WEISER--In the foothills northwest of Weiser, its an annual rite of spring, branding season.
"I'm Br.uce Winegar, we raise cattle under Bruce Winegar Cattle and Hay. And we've been doing it forever," said Winegar.
Today, Winegar crew is branding 65 first-calf heifers, all gathered in this corral, The Winegar are joined by their team roping neighbors, and it's not only hard work but work they all enjoy. In the time of COVID-19, while the season looks the same there’s trouble in the cattle market:
"I do follow the market. I have a neighbor that follows it a lot, he buys, sells, and trades and tells me all the bad news that's going on. We still have the cattle. We have the same cattle we've had for the last 40 years in the areas and they will be for sale this fall. But the way the market is reacting it's not very favorable for us," said Winegar.

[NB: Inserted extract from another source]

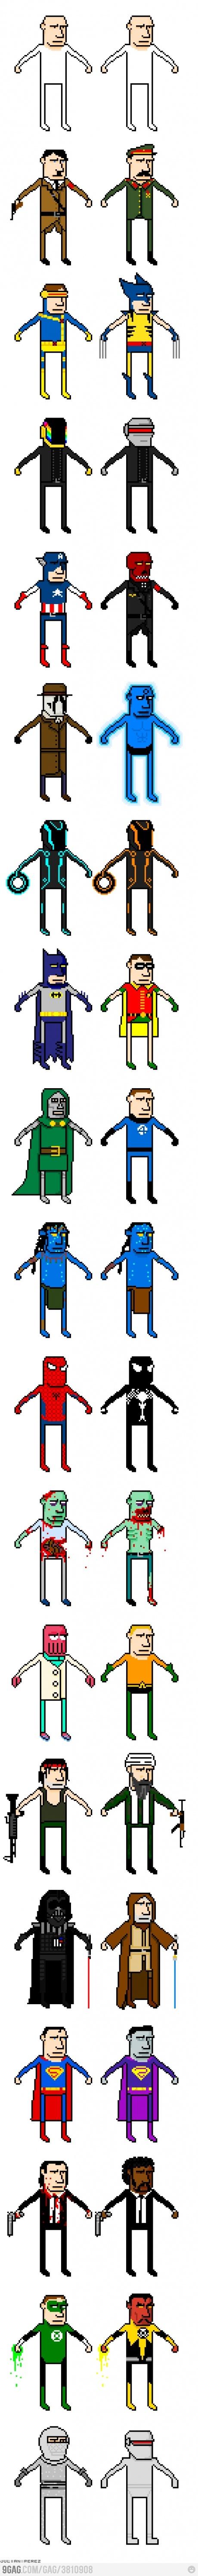 8-bit characters: Illustrations Comic Art, Ems 8 Bit, Evolution Infographic, Drawings, Dr. 8Bit, Ms Paintings, Couple, Animal, Comic Artworks

As the beef supply crunch hits grocery stores, prices are going up for burgers and steaks and purchase limits are in effect with a much smaller selection: and while there are shortages at the market, there’s plenty of beef in production.
"I do know that there is plenty of beef and the slaughterhouses in this country are going crazy butchering, even the private butchers can't keep up they're running two and three shifts to keep up because people are worried about hamburger, and you can go to the store and buy hamburger whenever you want, so I don't understand. Its kind of a false thing telling people there's a shortage," added Winegar.
As meatpacking plants snuggle to keep up, ranchers hope beef prices recover in the fall. And their message to the nation: they’re producing more than enough beef to feed America.